前回の記事 で書いた『夢』から気づいたことの続きです。

大学の校舎にあった『トイレ』が、女子トイレとされているのに、ドアもなく外から丸見えだったり、有料だったりで、戸惑ったという夢でした。

もう一つ、私が驚いたのは、広いトイレを使っていた女子学生が、そのトイレを使う理由に、「5円出して使い勝手の悪いトイレを使うなら、100円出して広いトイレを使う方が良い」と言っていたことでした。
5円のトイレは明らかにトイレとして機能しない欠陥品なのに、コスパの面で比較をするというのが、とんちんかんに思えたのです。

問題はそこではないのに、個人の手間の面やコスパの面で比較してしまう。
5円トイレは女子トイレとして機能しないということに、みんなで声をあげて行かないと大学側に気づいてもらえない。
「使っている人もいるはずだ」として、いつまでも5円トイレを撤去、改修しようとしない。
お金を持ち合わせていない時は仕方なく5円トイレを使うかもしれないので、完全に無くなってしまったら困るということもあります。
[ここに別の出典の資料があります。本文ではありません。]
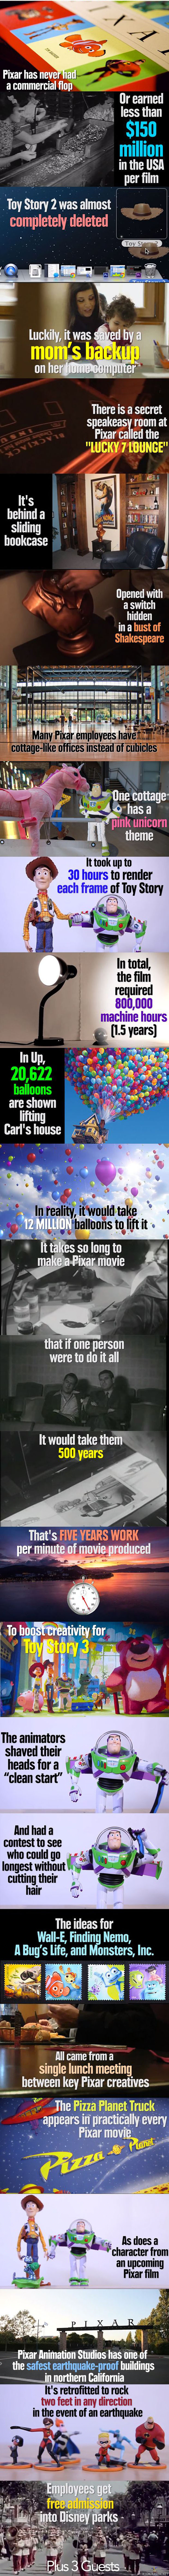 Pixar facts

実はこんな違和感を実際に感じる場面が、最近とても多いのです。

現在の社会には、矛盾した制度、使う側のことを一切考えない横暴な制度が、あまりにもたくさんあります。
特に最近は、宗教に毒された一部の政治家によって、とんでもない法改正が行われることもありますし、これからも行われる可能性が大いにあります。
その矛盾や問題点を指摘するのではなく、
「今の私には特に負担にならないから、問題視しなくていい」
と考え、受け入れてしまう人があまりにも多いのです。
また
「国や自治体や大きな組織に抗議するなんて面倒!」
「多少の不満があっても、我慢するのがスマートな大人」
と考える人も増えている気がします。

小さい頃から、理不尽なルールでも大人に従うことが正しいと教え込まれているから、そこから抜け出せないのか? 
あるいは長いモノには巻かれておくほうが身のため、と誤学習してしまったのか?

私が職場で浮いてしまった原因も、実はこれが大きかったのです。
「明らかにおかしいでしょ?」
「今変えるようにみんなで抗議しないと、今後入った人も辛い思いをするよ?」
雑談では文句を言うのに、直接抗議することには誰も賛同してくれなくて、案の定、文句を言っていた人はバラバラと辞めていきました。
組織は、従業員が不足したら新しく求人を出せば良いと安直に考えます。採用条件が良ければまた入ってくるし……騙されたとも知らないで。
そうやって砂の上に建っているような事業があまりにも多いです。

5円の使えないトイレでも、無いよりはマシ。
私はお小遣いがたっぷりあるから100円トイレを使うので、関係ない。
100円すら出せない人などいるはずがない。
100円すら出せないなんて、この学校に居る資格はない。

これらの考えは、実は社会の一員としての義務を放棄していることになります。
『社会人』としては本来、失格なのです。

自分の場合は負担にならないけど、負担になるであろう人がいるのなら、自分さえ良ければ良いという考え方は大変危険。
社会を形作っているのは、自分だけでなく、いろんな要素や条件を持った人間なのですから。
また、『今』の私が大丈夫でも、将来大丈夫で無い日が来るかもしれないのです。

ある習い事で、1人だけ上手く出来ない子がいました。
上手く出来ないというより、やれば出来るのに緊張から固まってしまうようです。
そういう子どもって居るよなー、私もそういう子どもだったよなーと微笑ましく見ていたのですが、同じようにその様子を見ていた大人が言ったのです。
「あの子、何か障害があるよね?」

ー だから何? ー

言ったその人にとって、『障害児だからサポートしてあげる』という気持ちからではなく、自分の想像できないおかしなことは、障害児だと思えば(自分が)納得できるよね、ということなのです。

寛容さと、広い視野。
人の立場を想像する力。
自分も同じ立場になり得ることを自覚する力。
誰かの苦しみに、できる範囲で寄り添おうとする姿勢。
人としてあるべき姿がどんどん失われていて、
それらが大切だと教えられる大人も少なくなっています。

『今』の『自分』が良ければ良い

この考え方では、いつか必ず何かの形で自分に還ってくると思います。
自分のできる範囲を超えて何かをする必要は無いけれど、問題を感じたら、出来る限りのことをしたい、していかなくてはいけないと思うのです。